I would also assert that there's not a straight man alive who hasn't "checked out" what other guys have in the locker room or sneaked a peek standing at the urinals. People are curious as to how they measure up, yet they're paranoid that gay men are going to be checking them out in the shower. What hypocrites!
And lastly, have you straight guys really looked at yourself in the mirrors lately? Most of you let yourselves go to hell after high school, packing on the weight, losing your hair, etc. And it gets worse after you're married. You bitch about your wives getting fat (due to your getting them pregnant), but you turn into fat, balding slobs who watch football and drink beer all weekend long. You have nothing to worry about in terms of gays trying to pick you up. Believe me! You bring nothing to the table that we'd ever want.
posted by Anonymous, at
2/17/2007 8:54 PM
No - I don't speak for all gays and you know it. I expressed an opinion, just like so many straight men have expressed theirs. It wasn't pretty was it? And you took offense to it, didn't you? Welcolme to the club!

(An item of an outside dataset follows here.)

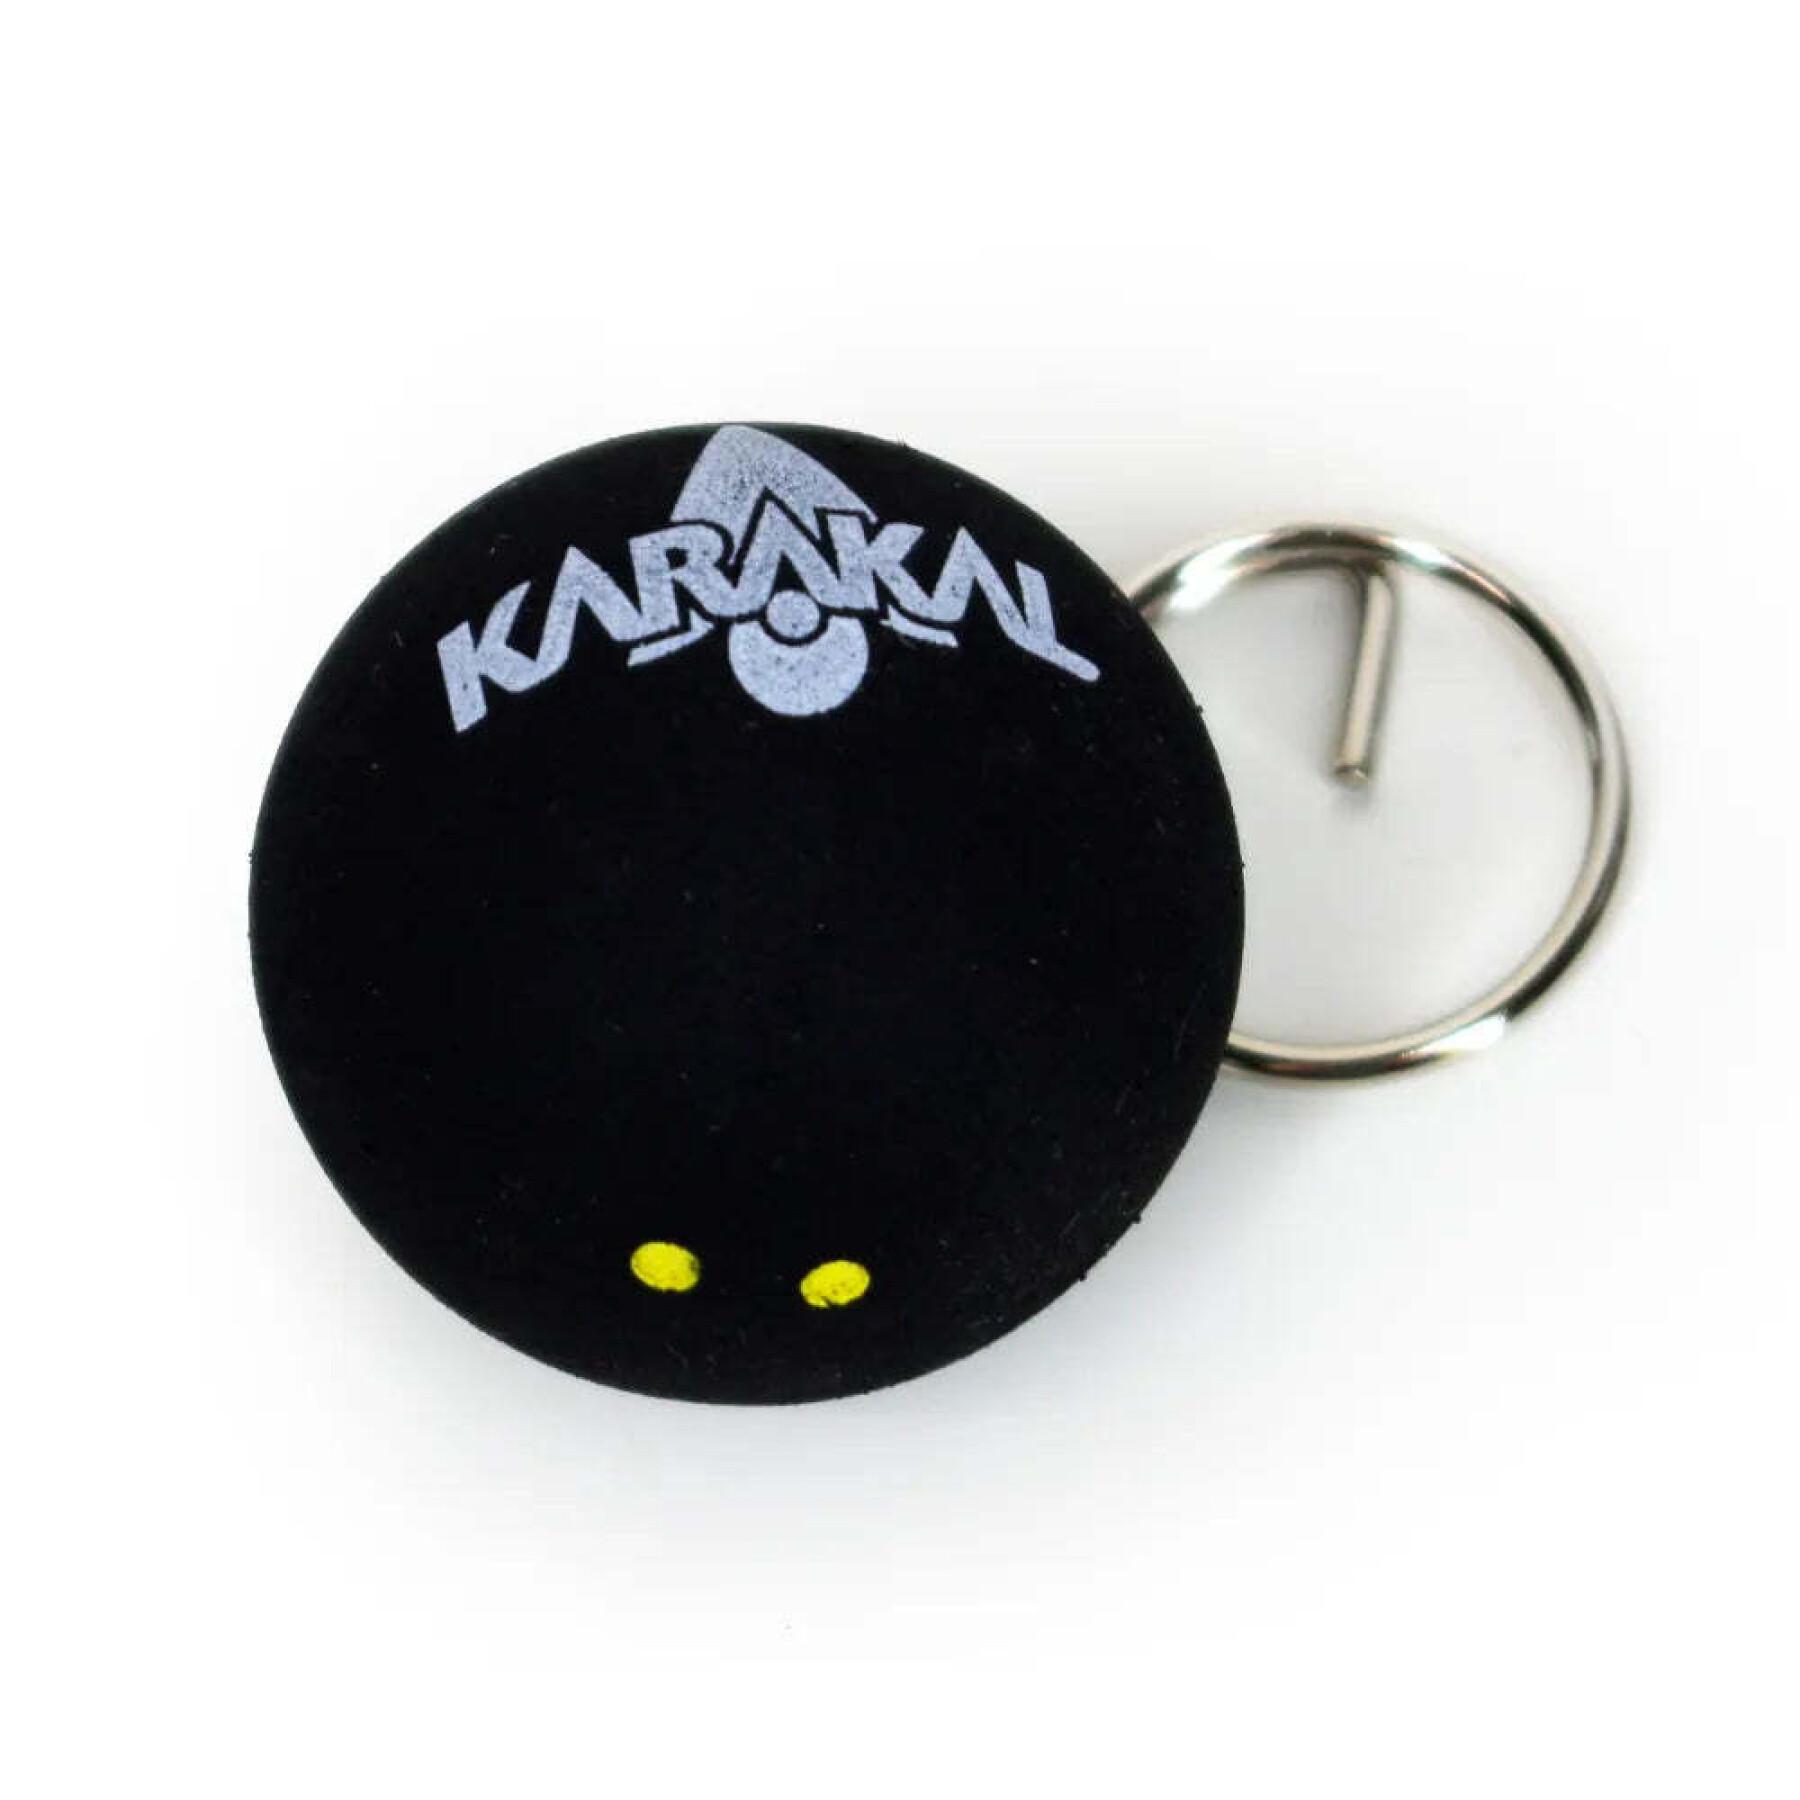 Squash ball keychain Karakal

So many straight men seem to be obsessed with what gays do in bed. There's so much more to us than that, just like there's more to you than football and beer and what YOU do in bed. We have jobs, mortgages, families, and responsibilities just like you do. Perhaps you should try to look beyond what we do in bed and in return I'll acknowledge that not all of you are fat, balding, beer drinking slobs.
yes, it is about sex. But it isn't just about sex. I am more than that. No, I don't tend to look at fat balding men anymore than most straight guys will look at the plus sized models. But being straight isn't all about sex. I am gay because I am attracted to members of my own gender, sexually and emotionally. Regardless, Hardaway said he hates gay people. You can't sweep the words under the rug.